Exsonvaldes return with new single ‘Paris Bruxelles’ and announce upcoming album
Out now via V2 Records, ‘PAris Bruxelles’ marks the beginning of a new chapter for Exsonvaldes. Rawer, louder, and more direct than ever. the release of the single is a first tease of the new album ‘Ninety Seconds to Midnight’, which will be released February 13, 2026.
After more than two decades of music that has seen them evolve from indie darlings to French alt-pop mainstays, Exsonvaldes are gearing up to release their sixth album, ‘Ninety Seconds to Midnight’. The record finds the trio, Simon Beaudoux, Martin Chourrout, and Antoine Bernard, reconnecting with the electric urgency of their beginnings, while embracing the experience and self-assurance earned over the years.
Opening the album, ‘Paris Bruxelles’ sets the tone: sharp riffs, tension-filled verses, and cathartic choruses that recall the tight craftmanship of Spoon. Co-written with David Sultan (Her, Aliocha Schneider, Ivan Dorn), the song captures the bittersweet push and pull of long-distance relationships and the restless beauty of two cities that mirror each other in their light and melancholy. “It’s a somewhat hazy song” says frontman Simon, “we started writing the track right after Covid. David (Sultan) had just moved there. My sister has also moved there just before the lockdown. And it’s a city we know well, very close and at the same time very different, with a different pace and a different sky.
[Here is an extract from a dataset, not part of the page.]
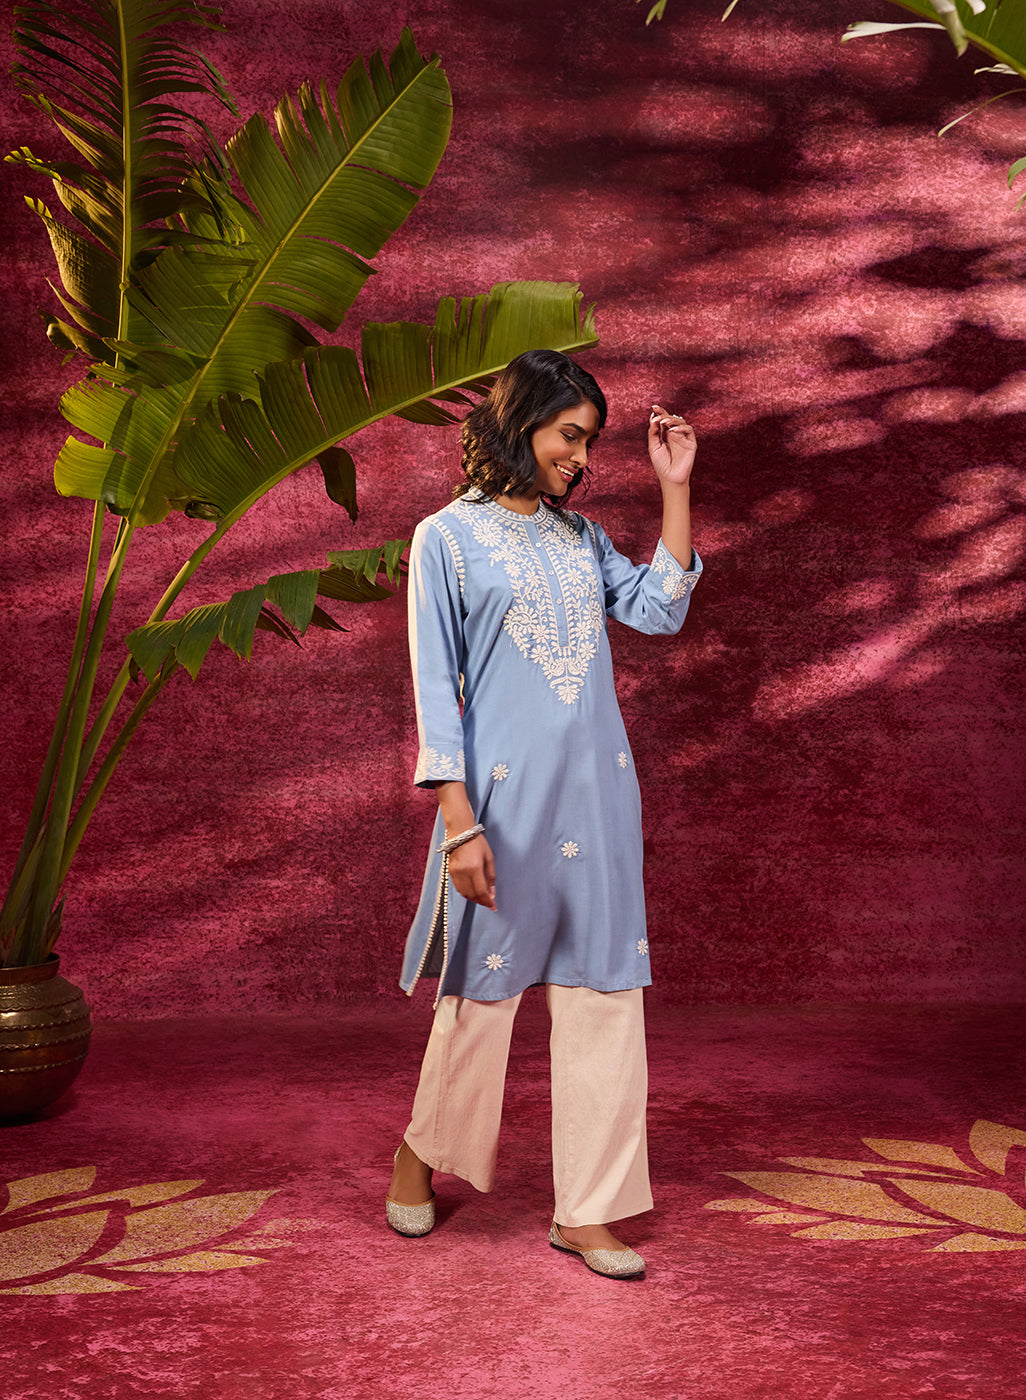 Saadgi Windy Blue Embroidered Cotton Linen Tunic for Women

We wanted to capture this ambivalence, the artistic energy, the feeling of freedom that can come with settling in a new country, but also the endless grayness, the solitude of that period. A mix of fascination and melancholy.”
After their acclaimed 2023 comeback ‘Maps’, Exsonvaldes channel the distorted energy of ‘90s rock on ‘Ninety Seconds to Midnight’, a back-to-the-roots record that’s as instinctive as it is introspective. from the fuzz-fueled ‘Tate (Like The Museum)’ to the haunting ‘Abandoned Water Park’, the album brims with both urgency and emotional depth, a reflection on our age of uncertainty.